KDV Alert: New York’s Appellate Division Says No Coverage Under Financial Institution Bond For Madoff Losses

Posted Jul 9, 2015

By Kevin M. Mattessich, Michael L. Zigelman, and Jonathan B. Isaacson

In  Jacobson Family Investments, Inc. v. National Union Fire Insurance Company of Pittsburgh, PA, 2015 Slip Op. 05273 (1st Dep’t 2015), New York’s Appellate Division was asked to interpret the coverage afforded under a financial institution bond for losses arising from the notorious Madoff Ponzi Scheme.   A non-jury trial resulted in  a $7.6M  damage award against the Insurer.   On appeal, the First Department unanimously reversed, on the law, holding that the losses were not sustained solely as a result of Madoff’s activities as an “Investment Advisor.”

The Plaintiff investment vehicle was insured under a Financial Institution Bond issued by National Union, and sought coverage for losses sustained when its investments with Madoff disappeared.    The First Department identified two (2) critical coverage issues to resolve in order to determine whether Plaintiff was entitled to coverage under the Bond’s fidelity insuring agreement.

The first issue was whether Plaintiff’s alleged damages qualified as a covered loss pursuant to Rider 14 of the bond which provided, in part, that covered losses included those “resulting directly from the dishonest acts of any Outside Investment Advisor, named in the Schedule below, solely for their duties as an Outside Investment Advisor, on behalf of the Insured…” [emphasis added].  It was undisputed that Madoff was listed as an Outside Investment Advisor on the relevant schedule that followed.  However, the First Department held that the evidence presented during trial[1] indisputably established that in perpetrating his Ponzi Scheme, Madoff acted in a “hybrid capacity” as both an investment advisor and a securities broker.  The Court reasoned that since Rider 14 limited coverage to losses where the identified Outside Investment Advisor acted “solely” in that capacity, any interpretation that allowed coverage for a situation in which Madoff acted, in part, as a securities broker would render the use of the term “solely” in Rider 14 superfluous and had to be rejected.

The second issue, which in light of the first ruling became less significant, was whether coverage under the bond was excluded under Exclusion x, for “loss resulting directly or indirectly from any dishonest or fraudulent act or acts committed by any non-Employee who is a securities … broker.” The First Department held that even if there were coverage under Rider 14, such coverage would have been excluded pursuant to Exclusion x. In so holding, the Court reasoned that Exclusion x did not provide that the nonemployee must have actually been “acting as” a securities broker at the time of the loss, it only required that the nonemployee “is” a securities broker. As the trial evidence established that Madoff was not Plaintiff’s “Employee” (as that term is defined in the bond) and that he was a registered broker-dealer during the entire period he dealt with Plaintiff, Exclusion x was applicable.

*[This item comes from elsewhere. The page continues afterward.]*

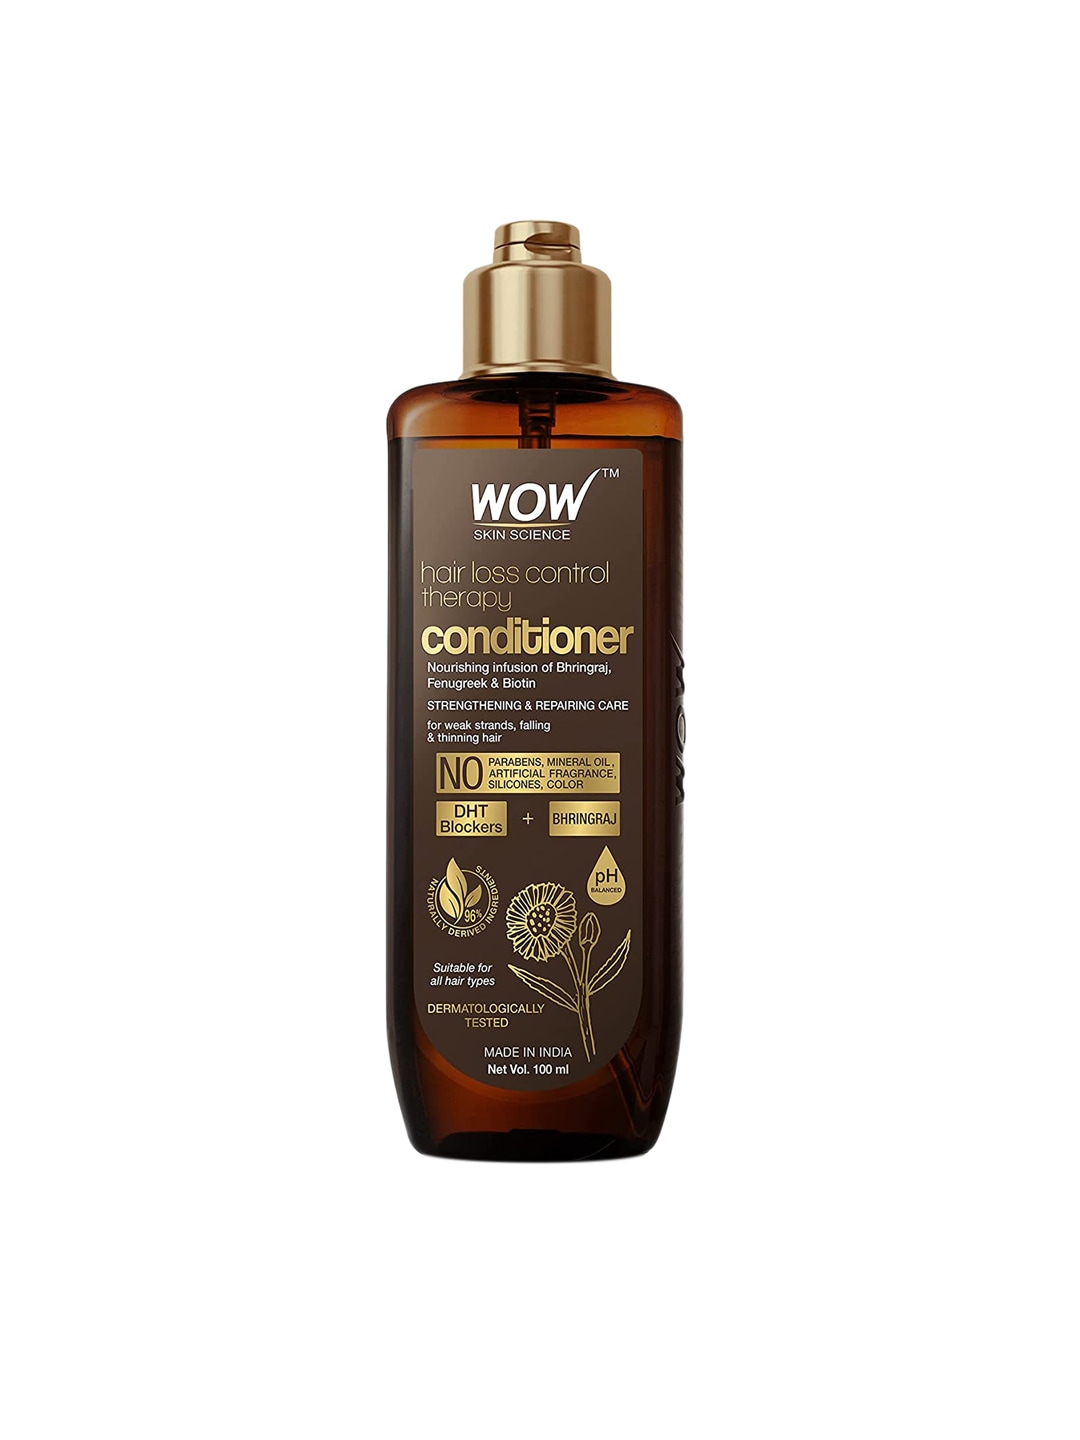 WOW SKIN SCIENCE Hair Loss Control Therapy Conditioner - 100ml Price in India
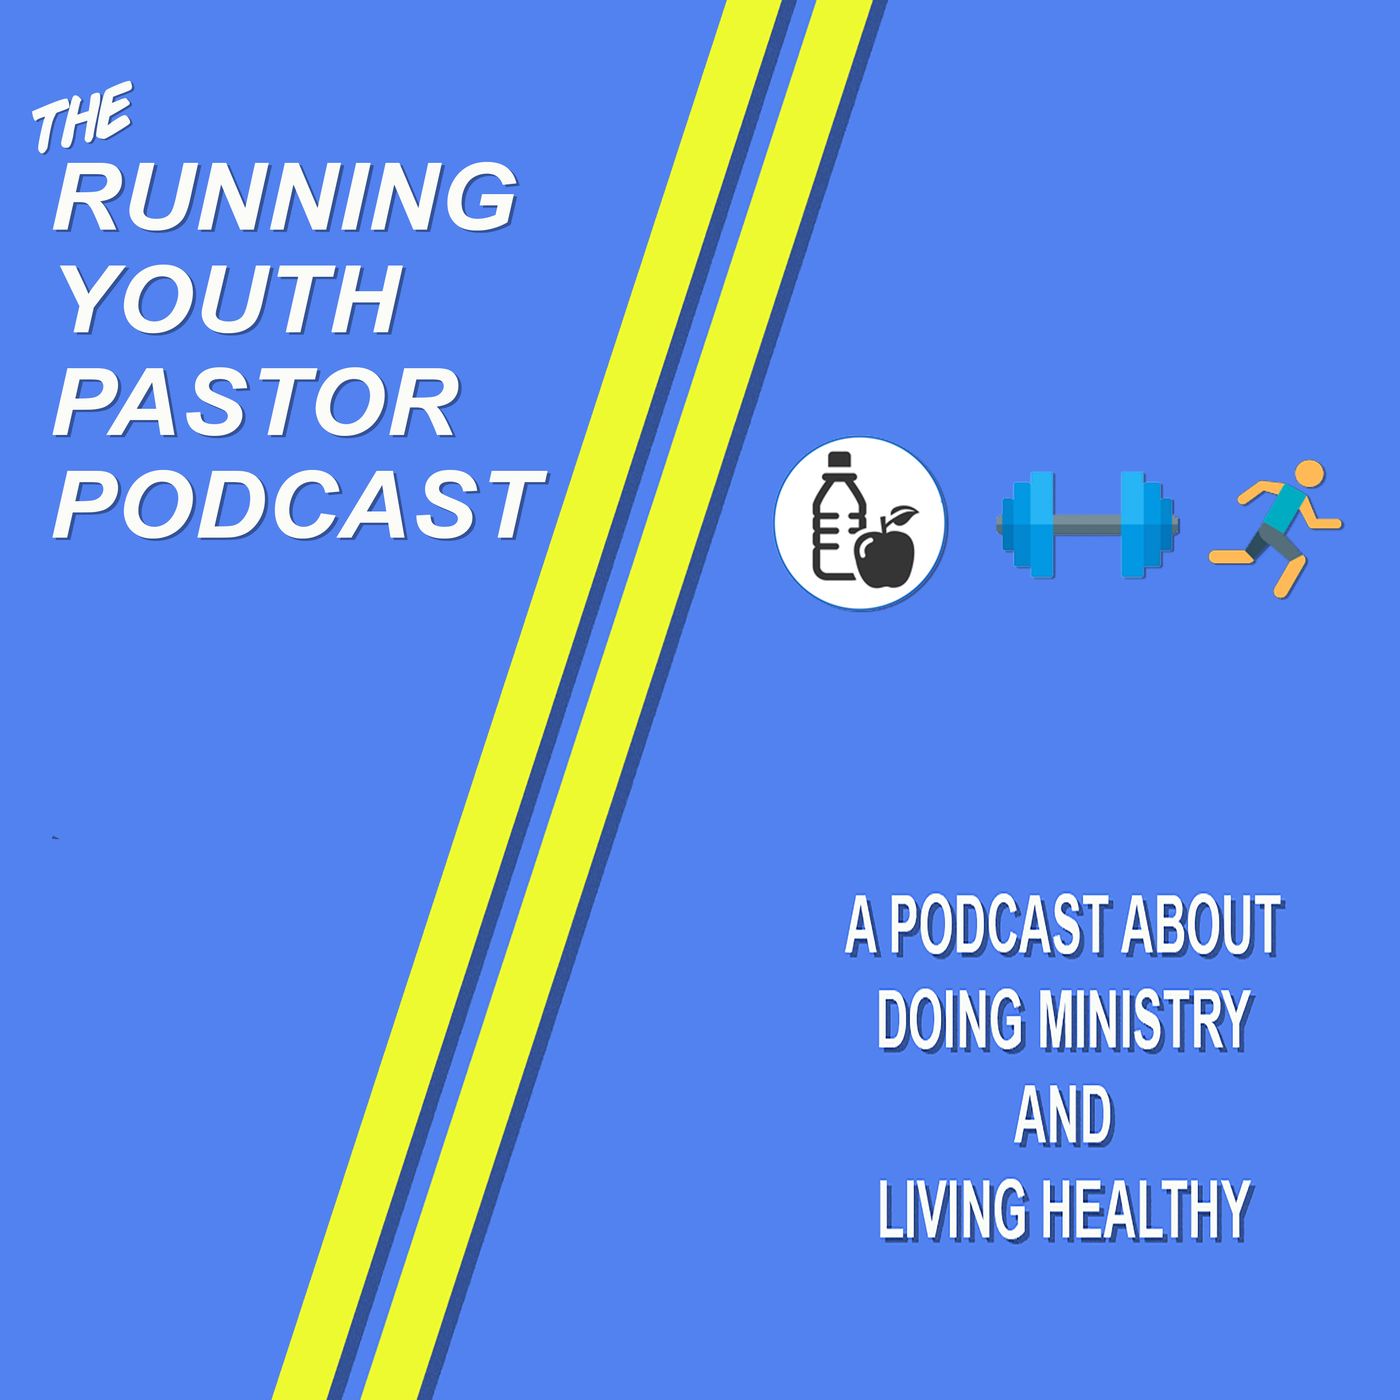 The Running Youth Pastor Podcast

Jacobson Family Investments, Inc. provides a powerful example of how the title or role that an alleged fraudster played with respect to a scheme can affect the rights of an insured to collect on a policy of insurance or bond.  As such, it is important for insurers and their insureds to diligently investigate claims and obtain a complete understanding of an alleged scheme in order to accurately assess the coverage available for losses arising from that scheme.

[1] That evidence included that (1) in perpetrating the Ponzi scheme resulting in Plaintiff’s losses, Madoff not only provided fraudulent investment advice, he also serviced a securities brokerage account for Plaintiff; (2) a Customer Agreement between Plaintiff and Madoff to service the brokerage account expressly referred to the creation of a broker/customer relationship; (3) in connection with the creation of the brokerage account, Plaintiff designated Madoff to act as its agent for purchases, sales or trades of securities on its behalf; (4) Plaintiff provided Madoff with funds through a brokerage account that were supposed to be used for purchases, sales or trades pursuant to the brokerage agreement, however Madoff misused those funds and provided Plaintiff with false brokerage account statements to conceal his malfeasance; (5) compensation was paid to Madoff in the form of commissions on the falsely reported trades; and (6) after criminal charges were brought against Madoff, Plaintiff filed a customer claim for compensation with Madoff’s trustee pursuant to the Securities Investor Protection Act (SIPA), asserting that its funds were stolen by Madoff, as securities broker.